Depending on the amount of your inheritance, I would go with the Robust Sweet 16. It is the only lathe that is American made. That is a premium worth paying for. The PM is a great lathe, but it's not American made. Your other option is to find a used one, like an Oliver, Delta or PM (American made ones).


----------



## wormil (Nov 19, 2011)

This guy hasn't posted since December.


----------



## TimberMagic (Mar 4, 2015)

Maybe his inheritance didn't materialize … or it was huge, and he's preoccupied spending it on fast cars, yachts, motorcycles, and airplanes.


----------



## MrUnix (May 18, 2012)

> This guy hasn t posted since December.


Yeah.. the just finishing of some bowls for christmas presents sort of gave it away… unless he likes to get his gifts done WAY in advance 

Cheers,
Brad

PS: And he never responded to any of the posts made after his question either…


----------



## UwpEngineer (Sep 1, 2014)

I appreciate all of the input, I did get the inheritance and decided to wait for the new grizzly g0766 to come out.
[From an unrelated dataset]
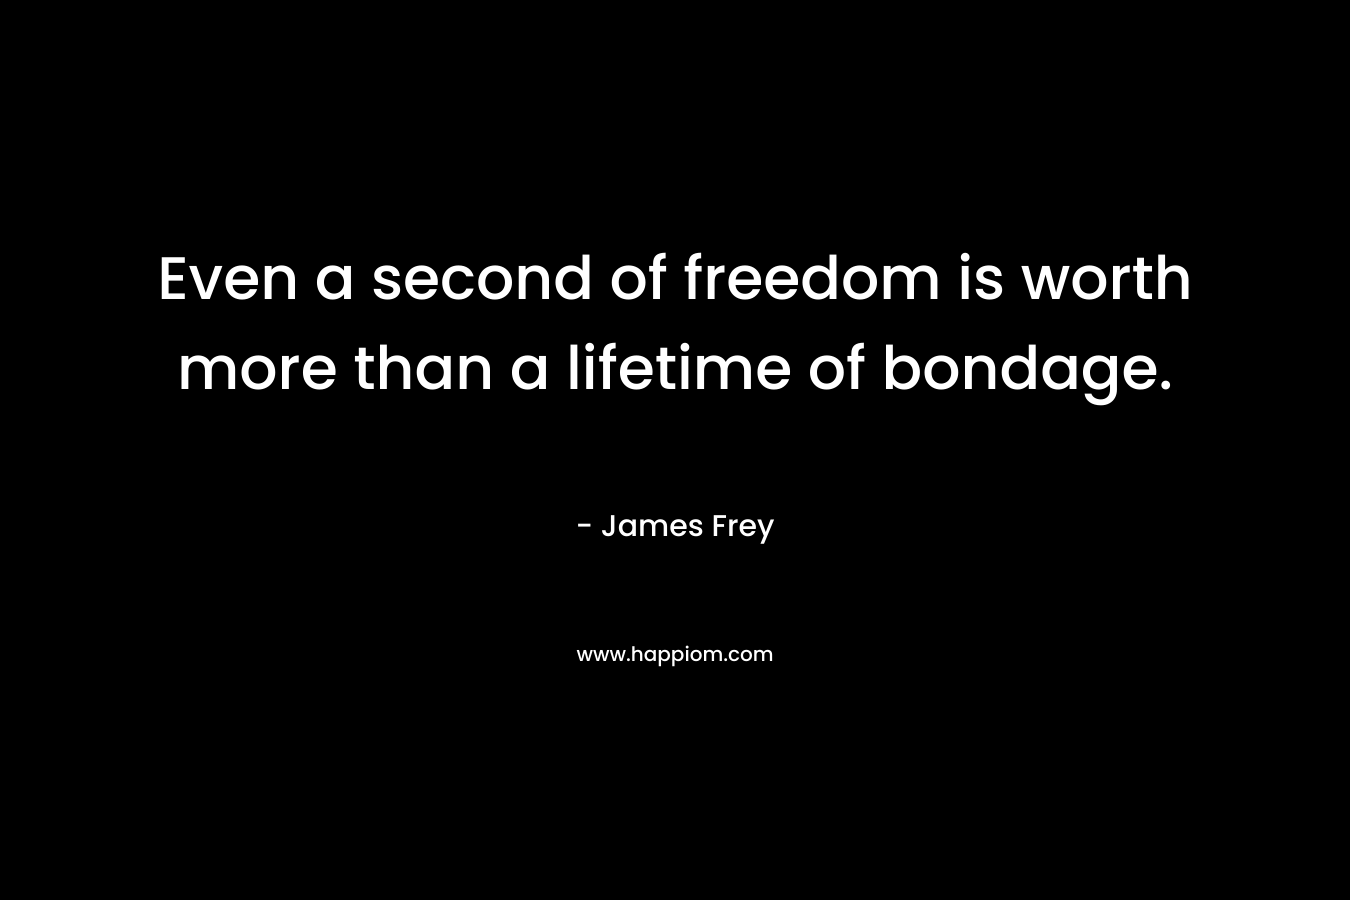 Even a second of freedom is worth more than a lifetime of bondage. – James Frey

I haven't ordered one yet, I am waiting for at least one person to say they got it and it is what they expected.

A sweet 16 may be in the long term future, but the g0766 seems like a great place to start as long as it is what it is advertised.

Thanks for the input

Dan


----------



## Wildwood (Jul 22, 2012)

Dan, good luck with that G0766!


----------